The Lotka-Volterra (LV) system describes a simple predator-prey model in mathematical biology. The hungry Lotka-Volterra (hLV) system assumed that each predator preys on two or more species is an extension; those involving summations and products of nonlinear terms are referred to as summation-type and product-type hLV systems, respectively. Time-discretizations of these systems are considered in the study of integrable systems, and have been shown to be applicable to computing eigenvalues of totally nonnegative (TN) matrices.
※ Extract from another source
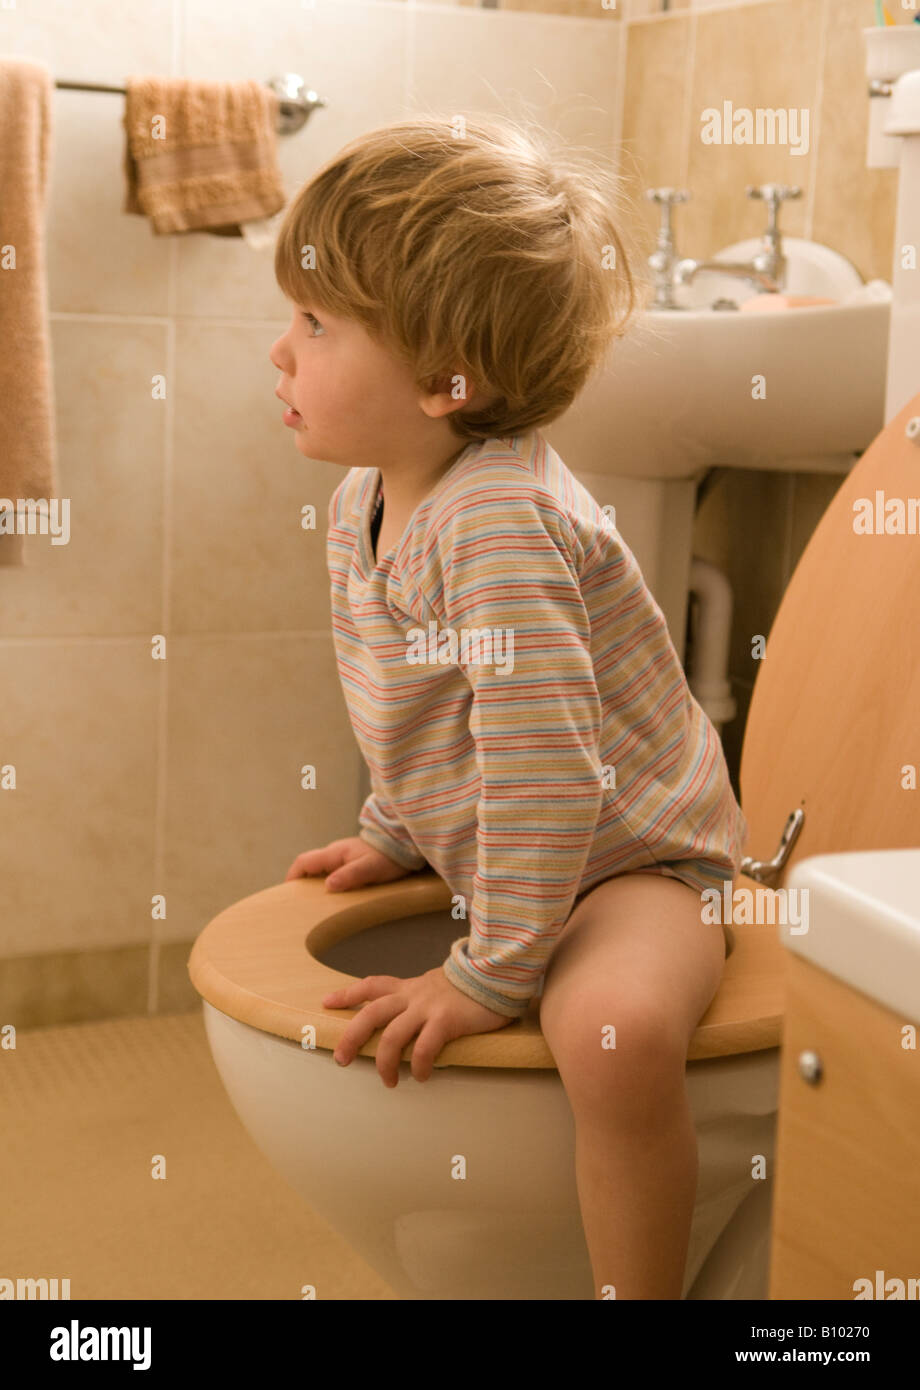 young child, boy, learning to use the toilet, loo, sitting on seat, two years old Stock Photo
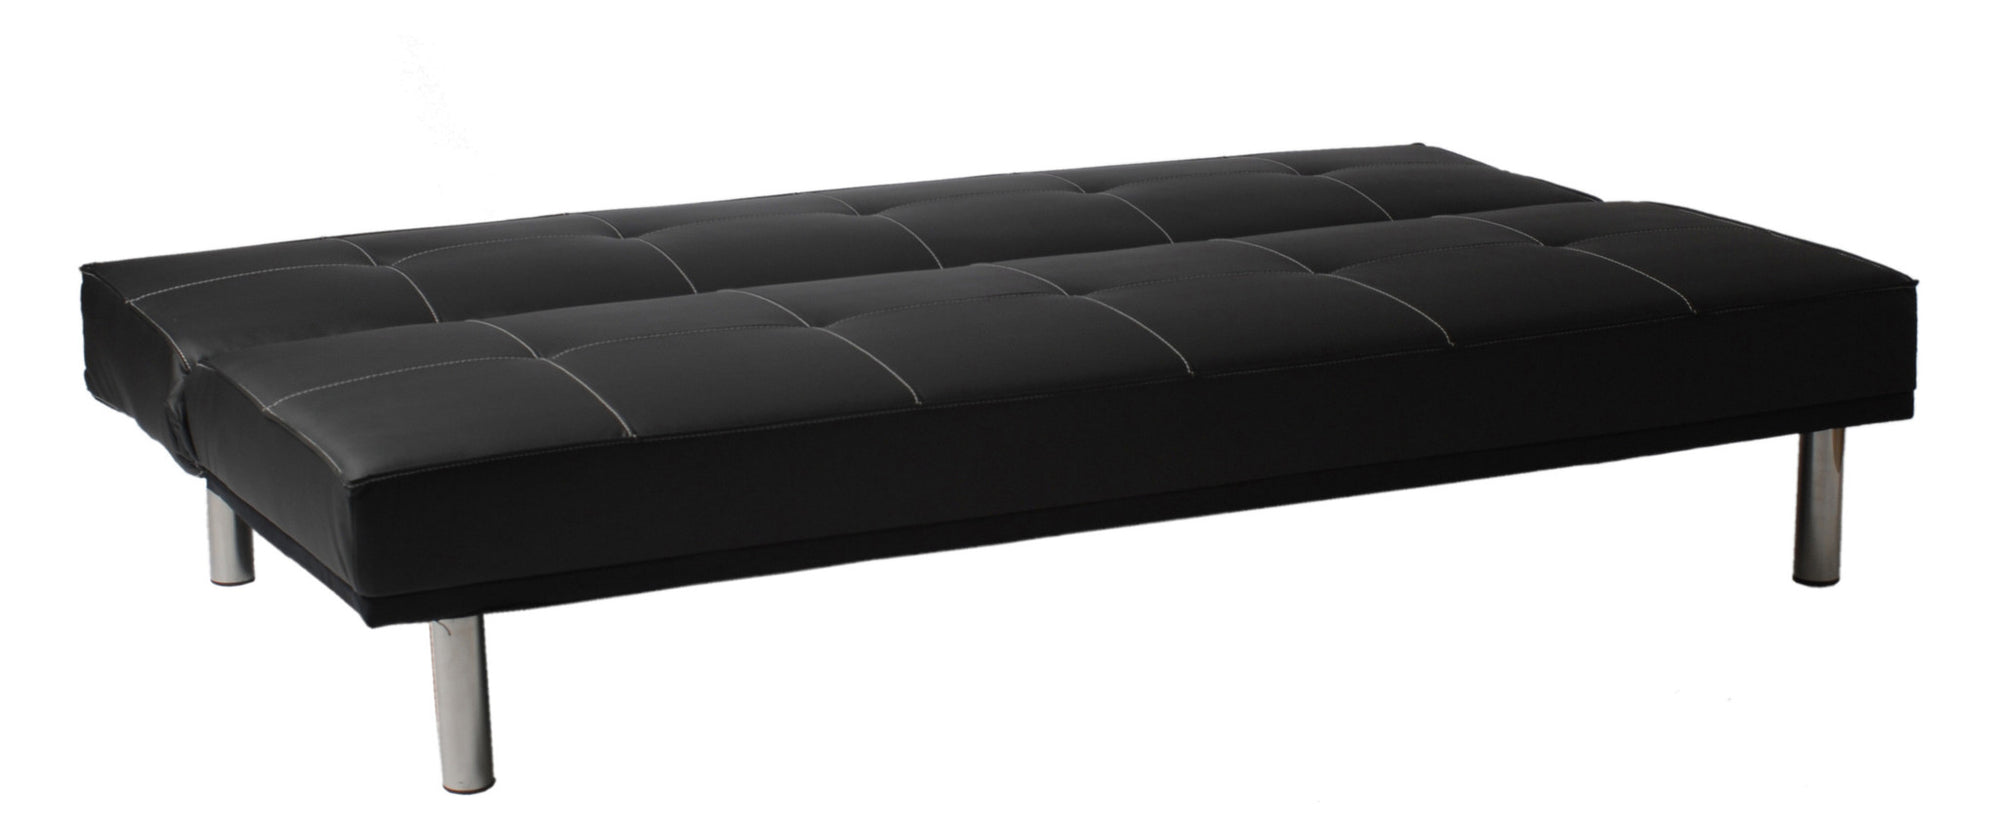 Sev Sofa Bed Black Leatherette/Stainless Steel

Monotonic convergence to eigenvalues of TN matrices, however, has not yet been observed in the time-discretization of the product-type hLV system. In this paper, we show the existence of a center manifold associated with the time-discretization of the product-type hLV system, and then clarify how the solutions approach an equilibrium corresponding to the eigenvalues of TN matrices in the final phase of convergence.

Computation of Eigenvectors for a Specially Structured Banded Matrix

For a specially structured nonsymmetric banded matrix, which is related to a discrete integrable system, we propose a novel method to compute all the eigenvectors. We show that the eigenvector entries are arranged radiating out from the origin on the complex plane. This property enables us to efficiently compute all the eigenvectors. Although the intended matrix has complex eigenvalues, the proposed method can compute all the complex eigenvectors using only arithmetic of real numbers.